Friday, June 21, 2013

Quite a Diverse Choice: Kawabata, Reeve, and Bukowski

My next TBR pile :)



Palm-of-the-Hand Stories by Yasunari Kawabata, Mortal Engines by Philip Reeve, and Post Office by Charles Bukowsi.

I once read another book by Yasunari Kawabata, Thousand Cranes, and although it's a short read (147 pages), finishing this book was not easy and in the end, leaving me instead with this unresolved feeling in the back of my mind. This something, I can't explain it, was left by the shadows of the story itself, but more profoundly felt was from the characters. But this was strangely interlaced with beauty - yes, there was a hidden beauty inside it - an effect perhaps only Kawabata could achieve. 

Somehow, reading Thousand Cranes has become one of those exceptional reading experiences that I would most definitely be delighted to experience again. Which is why, I decided to pick another book of his and the choice went to Palm-of-the-Hand Stories. It is a collection of short stories; which Kawabata mentioned not less remarkable than longer prose fictions - just as well like haiku is no less beautiful than a longer poem. 

I look forward to reading this soon! 

Mortal Engines by Philip Reeve is also equally anticipated. Mostly because it is steampunk, and well yeah there is no need to explain this, but you see, adventure books make up the most of my bookshelves. Some of them sci-fi. Most of them fantasy. Well, they never fail me - and I'm a sucker of another world with foreign elements and systems - an entirely different world like those you can find in games and illustration - which also explains that I'm a sucker of world building - which makes a book way more awesome if it is complemented with a world map. 

Not necessarily though. 

But anyway. 

Mortal Engines belongs to my usual crowd, and is something that you would expect to find in my hands ;)

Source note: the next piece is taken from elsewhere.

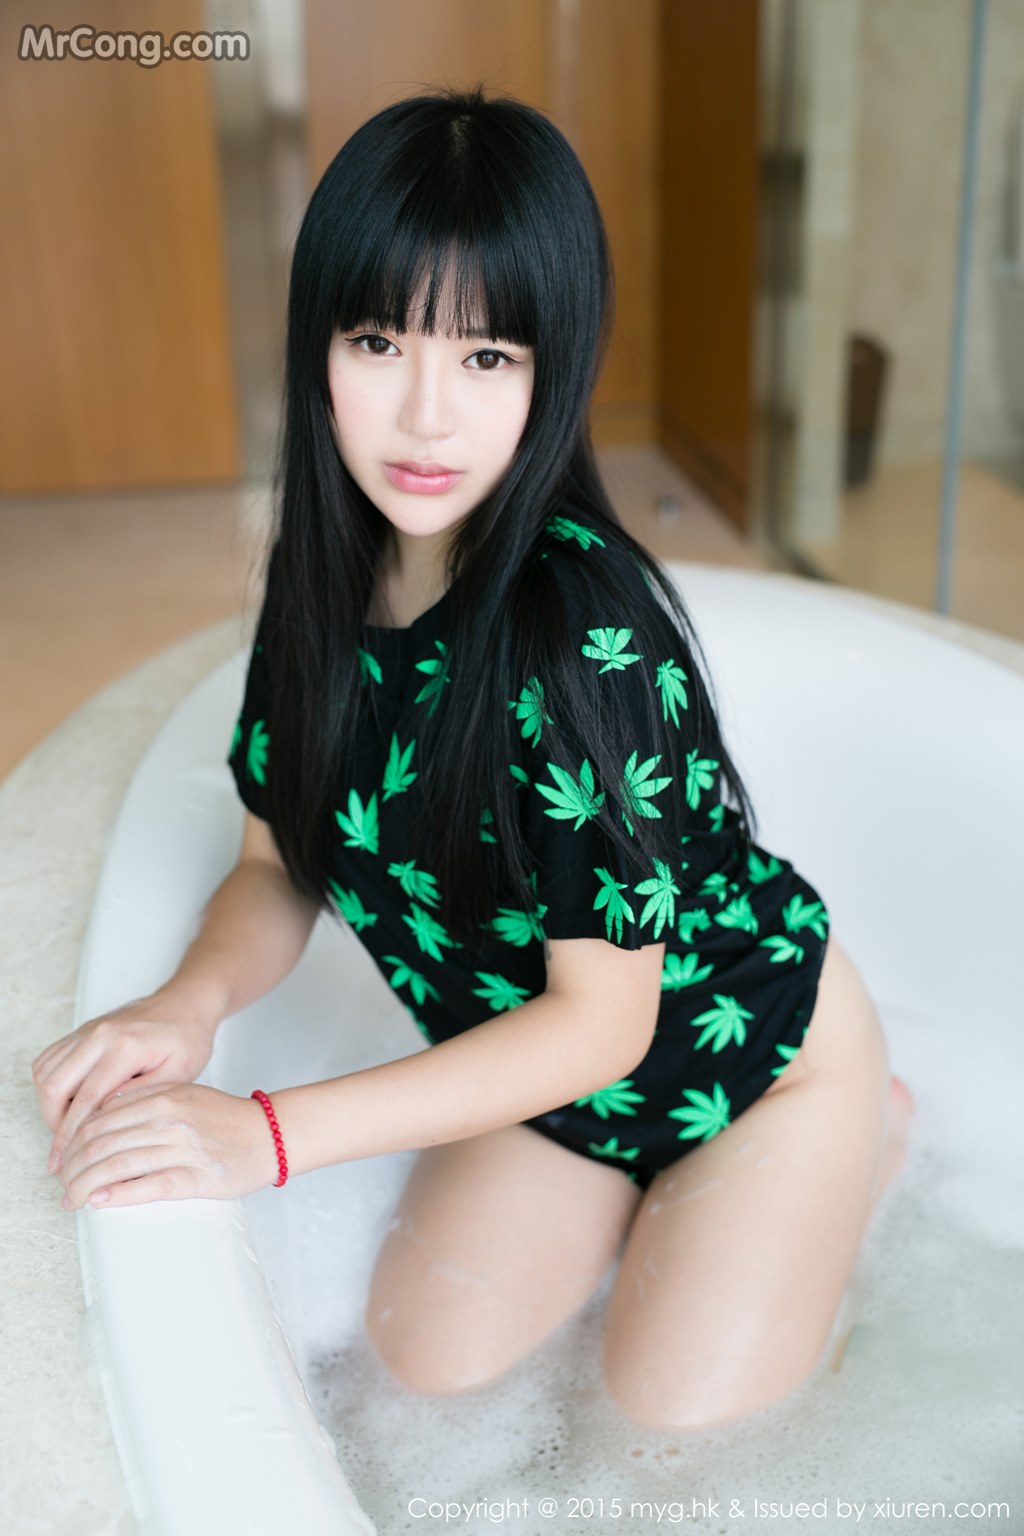 MyGirl Vol.092: Models Ba Bao icey (八宝 icey) and Fiona (伊 雨 蔓) (42 photos) photo 2-7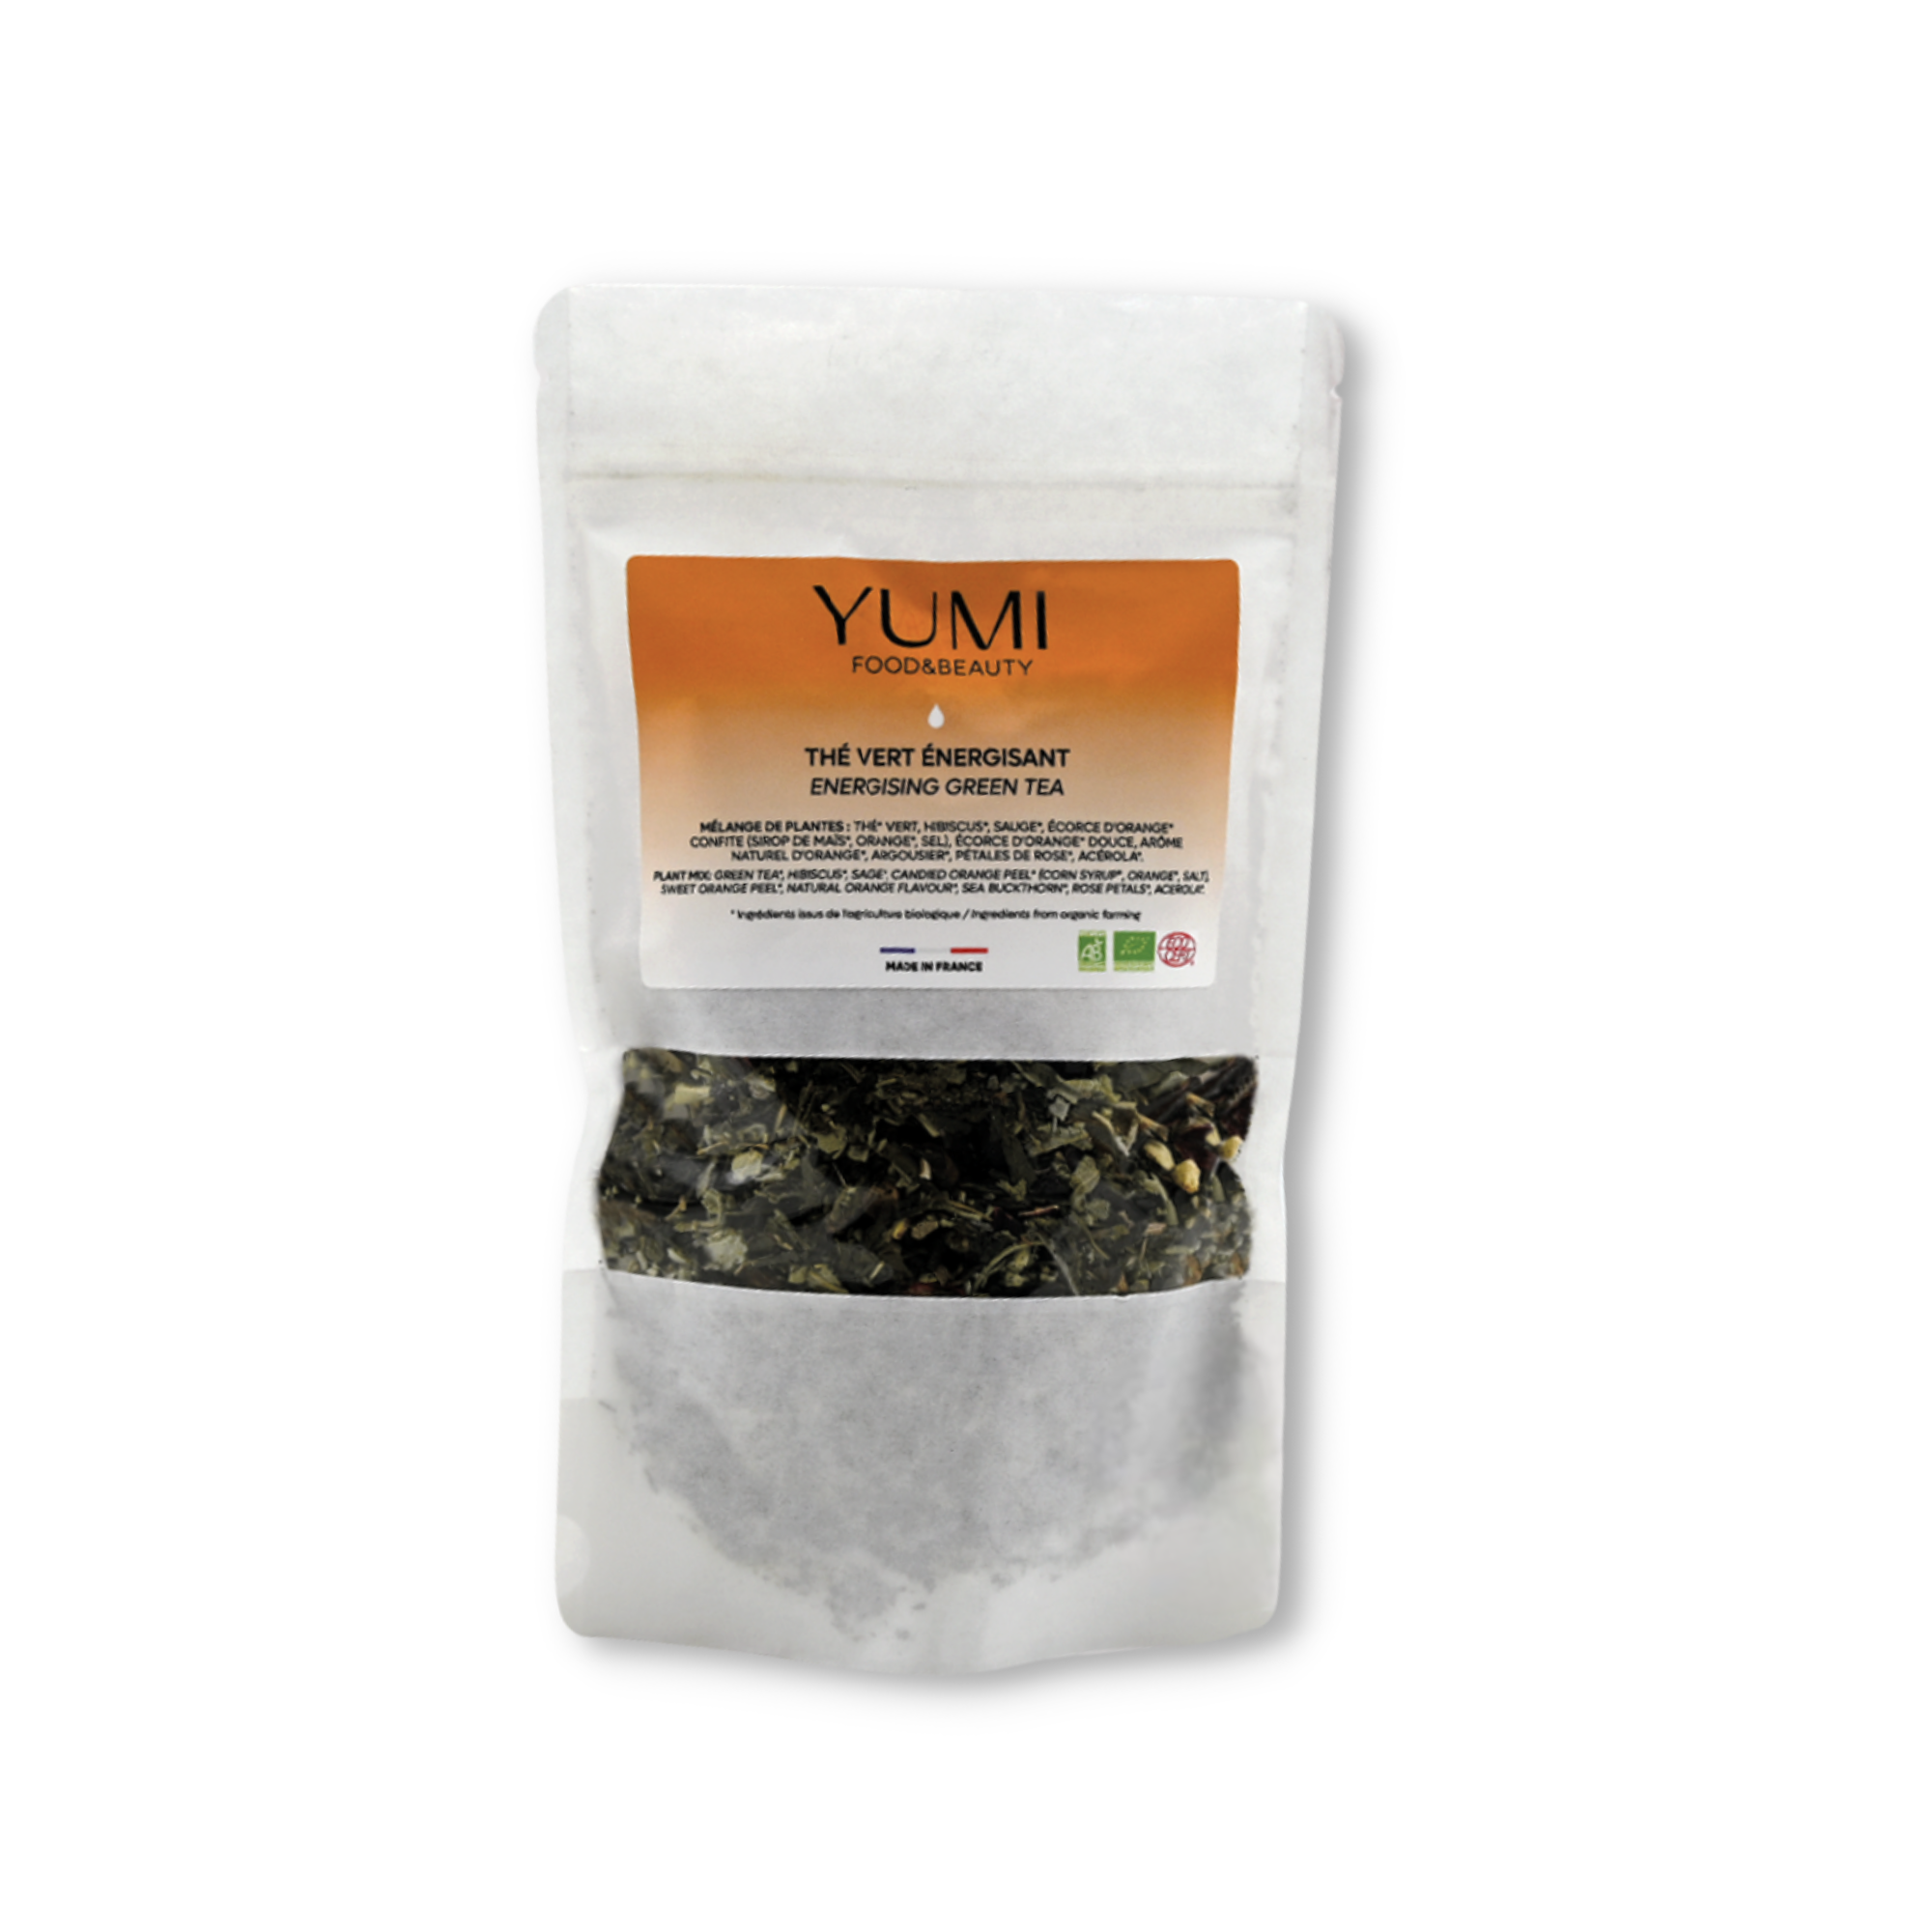 Yumi Food & Beauty Energising Green Tea

And.... Post Office. What could I say? This is my first Bukowski book and I think I like it. I think. I just finished part 1 of the book, so I have 4 parts (or 5?) to go, but man. Henry Chinaski fascinates me so much! What in reality is perhaps a dull, boring - although sometimes not but when it's not it's extra unbearable - life, it is never the case with Chinaski. I adore this guy - he curses a lot, boozes a lot, screws around, always finishes his route late, he drags his life day by day but he definitely doesn't take his life so seriously, or perhaps he doesn't even care. Things may get downhill and I will perhaps find myself despise this guy a lot later on, but it's just getting messier and I somehow and somewhat like the way it goes.  



LP Discover Japan! I think I'll still pre-order LP Japan (new edition, to be released in this October if not mistaken) since this one still doesn't completely cover some places in detail.


I'm currently into Japanese literature and look forward to reading more notable works of Japanese authors. So far, my experiences with Japanese literature are still limited to Haruki Murakami, Natsume Soseki, and Yasunari Kawabata.

But I can't just help it.

Will definitely read Yukio Mishima's Sound of Waves soon.

Thursday, June 13, 2013

This is Not a Conclusion, But...

I dreamed of someone from the past last night. I sometimes had dreams about him - when other guys rarely (almost never) appear in my dreams, but this one... he does. Not always, not often, but every time I do, in the morning, I always wake up with this lingering feeling of profound longing - this morning is not an exception - which I have come to loathe.

I won't ask "why". Why he appeared in my dreams, a number of times. Why he stays, when I label him as "someone from the past". I have known, and am well aware of it. Of the reasons.

That's because, so many things, feelings, that we ever had in our hearts, were left unsaid. Deserted. Abandoned. Buried inside.

We were, perhaps, too young to understand. To confront our feelings. Unwise enough to think that letting go without sealing anything was wise enough.

Somehow, this keeps haunting me, faithfully. I let a deep corner of my mind being haunted, relished in its bitterness. Yet the whole part of me recognizes the loss, a definite fate that can no longer be disturbed, and my heart cries out for something that I could never have.

And I, as I said, have come to loathe this feeling, all the memories we ever had, my own self for still harboring, even the slightest, hope of encountering a chance to meet this person again someday...

and I hate him. So much. So much so that I want to hurt him so bad. But as I am only a pathetic person, I can only imagine and construct the whole scenarios of hurting him: me being happy in life and showing him how happy I have been, all this time.

Not that it will hurt him anyway. I doubt it.

But we will never know the depth of human's heart; what's affecting, damaging it or how it takes in every situation. This fact I know, simply because people do not know mine.

This is not a conclusion... but I steel myself, in the end, with a decision that I won't, and don't want, ever, to see him again.

And off to my own path.

If we ever cross paths, later, there might be another story.